NEW YORK — Elvis Presley is really dead, but he may be coming to a Broadway theater in 2001.
Joe DiPietro is writing the book for a musical that will feature a number of songs made famous by the king of rock ‘n’ roll.
The idea for the Presley musical originated with composer Jimmy Roberts and DiPietro’s music publisher, Maxyne Berman Lang, president of Williamson Music.
A division of the Rodgers & Hammerstein Organization, Williamson also reps the catalogs of Elvis Presley Music (BMI) and Gladys Music (ASCAP), named after the singer’s mother, which over the years have amassed most of the titles recorded by the legendary singer.
“Having lived with those songs for so many years, it seemed to me that they had a story, a non-Elvis Presley story to tell,” said Lang. Prior to her tenure at Williamson, she repped the Presley song book as VP at Chappell Music and later Warner Chappell Music.
Elvis Presley Music is co-owned by the Elvis Presley estate and the Julian and Jean Aberbach family, a long-revered music-publishing concern. Both entities recently approved DiPietro’s concept for the musical.
“It’s not going to be about Elvis,” the playwright said of the musical. For a prototype, he instead is looking to a current West End sensation. “The show will be closer in concept to ‘Mama Mia!,’ which uses the music of ABBA, but doesn’t mention ABBA at all. I want the songs to come from many different voices and situations that you don’t expect.”
Neither DiPietro nor Lang would reveal which Presley songs would be used.
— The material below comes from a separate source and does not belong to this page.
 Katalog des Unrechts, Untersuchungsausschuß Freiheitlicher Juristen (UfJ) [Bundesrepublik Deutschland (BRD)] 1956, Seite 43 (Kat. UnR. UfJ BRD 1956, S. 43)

The playwright-lyricist is currently represented off-Broadway with his comedy “Over the River and Through the Woods,” which recently clocked in its 500th performance, and the long-running musical revue “I Love You, You’re Perfect, Now Change,” for which he wrote the book and lyrics to Roberts’ music.
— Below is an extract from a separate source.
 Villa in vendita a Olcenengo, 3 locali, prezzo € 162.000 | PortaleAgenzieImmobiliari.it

DiPietro’s new comedy, “The Kiss at City Hall,” opens Jan. 16 at the Pasadena Playhouse.
The prolific writer is also writing new books for a couple of legendary, if problematic, musicals. The Rodgers & Hammerstein Organization recently commissioned DiPietro to rewrite the book for the 1947 musical “Allegro.” And in January, a new incarnation of the Gershwin musical “Oh, Kay!” will be performed in a reading, with book by DiPietro, who has retitled it “They All Laughed!” The Ira Gershwin estate made the commission.
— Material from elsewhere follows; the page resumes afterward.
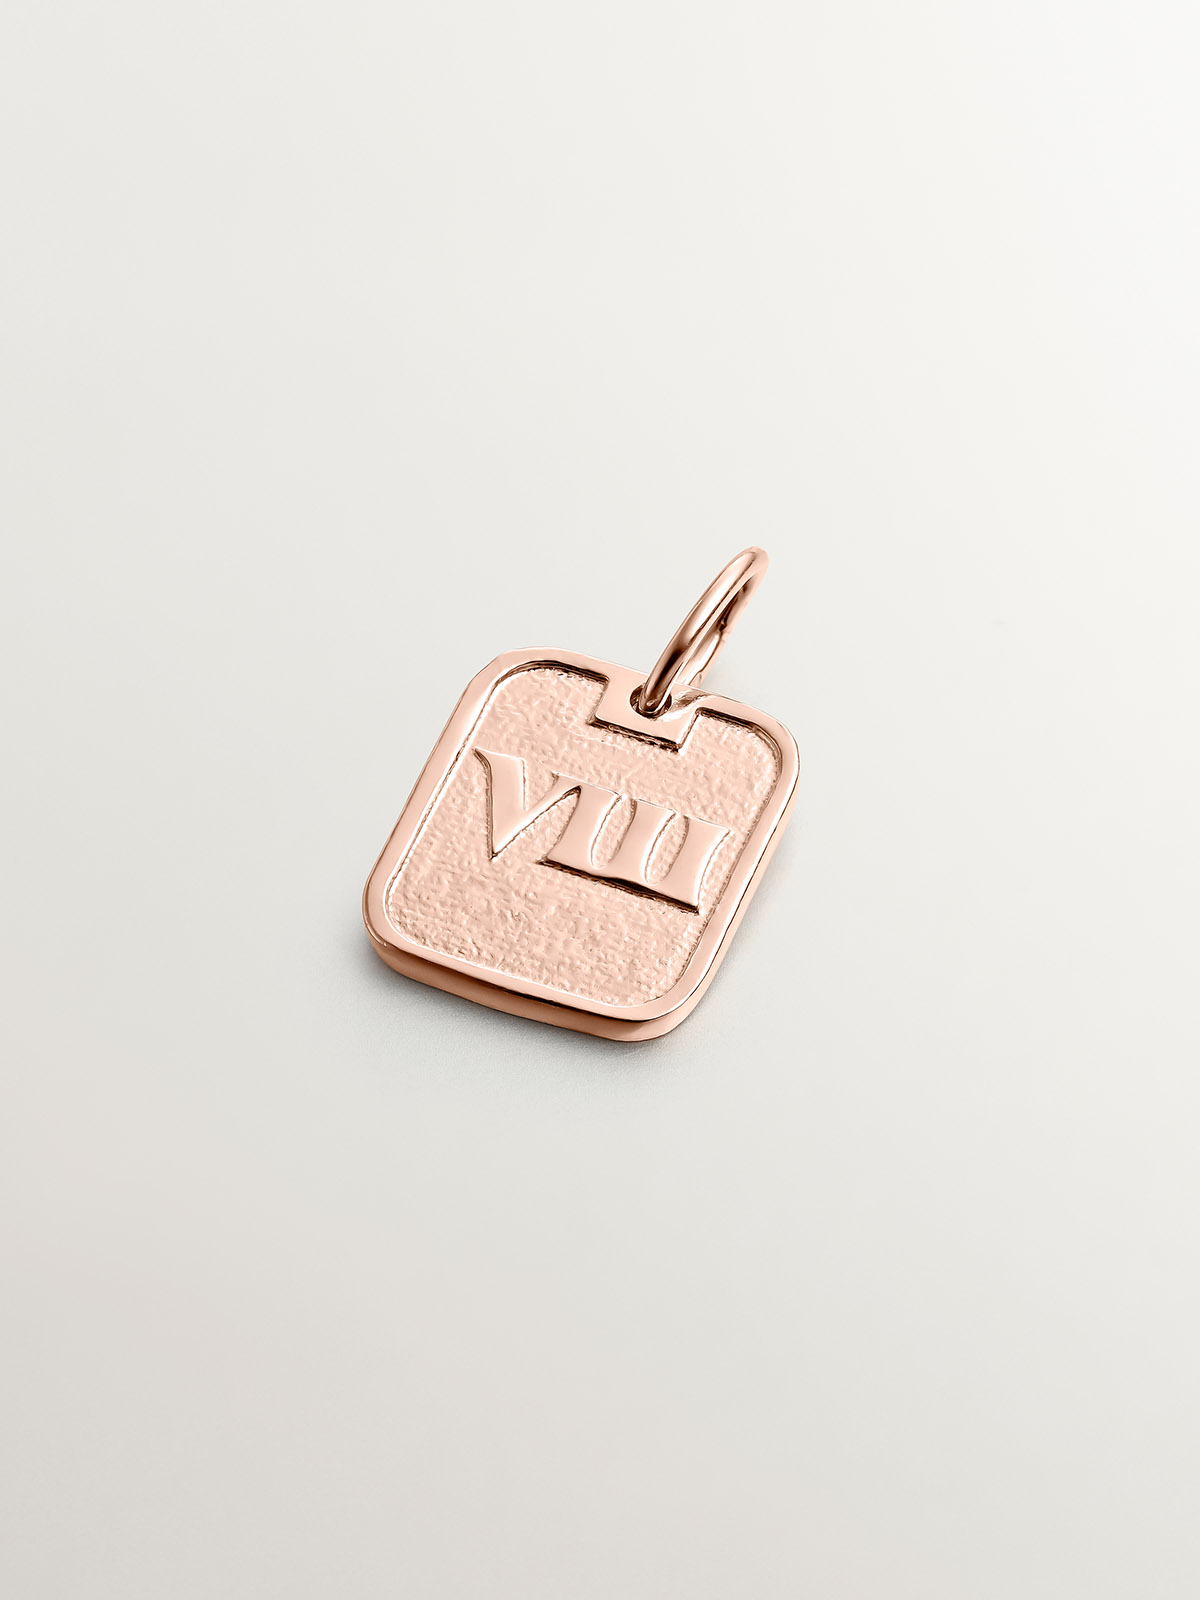 Charm de plata 925 bañada en oro rosa de 18K con número 8

In addition to working with dead composers, DiPietro has written the books for two original musicals, both of which held their world premieres earlier this year.
“Men,” with music by Jimmy Roberts, based on the Doris Dorrie film “Manner,” was staged last summer at the B Street Theater in Sacramento. “O. Henry’s Lovers,” with music by Michael Valenti (“Oh, Brother!”) and adapted from three O. Henry short stories, received a production at New Jersey’s American Stage Co. in October.
Producer Jonathan Pollard is looking for other regional productions of the latter show before bringing it to New York, but said he was committed to seeing “Men,” as well as “The Kiss at City Hall,” staged on Off Broadway in summer or fall 2000.
“Our big problem is that ‘I Love You’ and ‘Over the River’ are already occupying two of the better Off Broadway houses,” he said of the John Houseman and Westside theaters, where the DiPietro works are currently in residence.
Pollard produces with Bernie Kuloff, Tony Converse and Dena Hammerstein, widow of the late James Hammerstein, who was a producer of “I Love You” and “Over the River” with the others.
DiPietro is repped by Scott Yoselow of the Gersh Agency.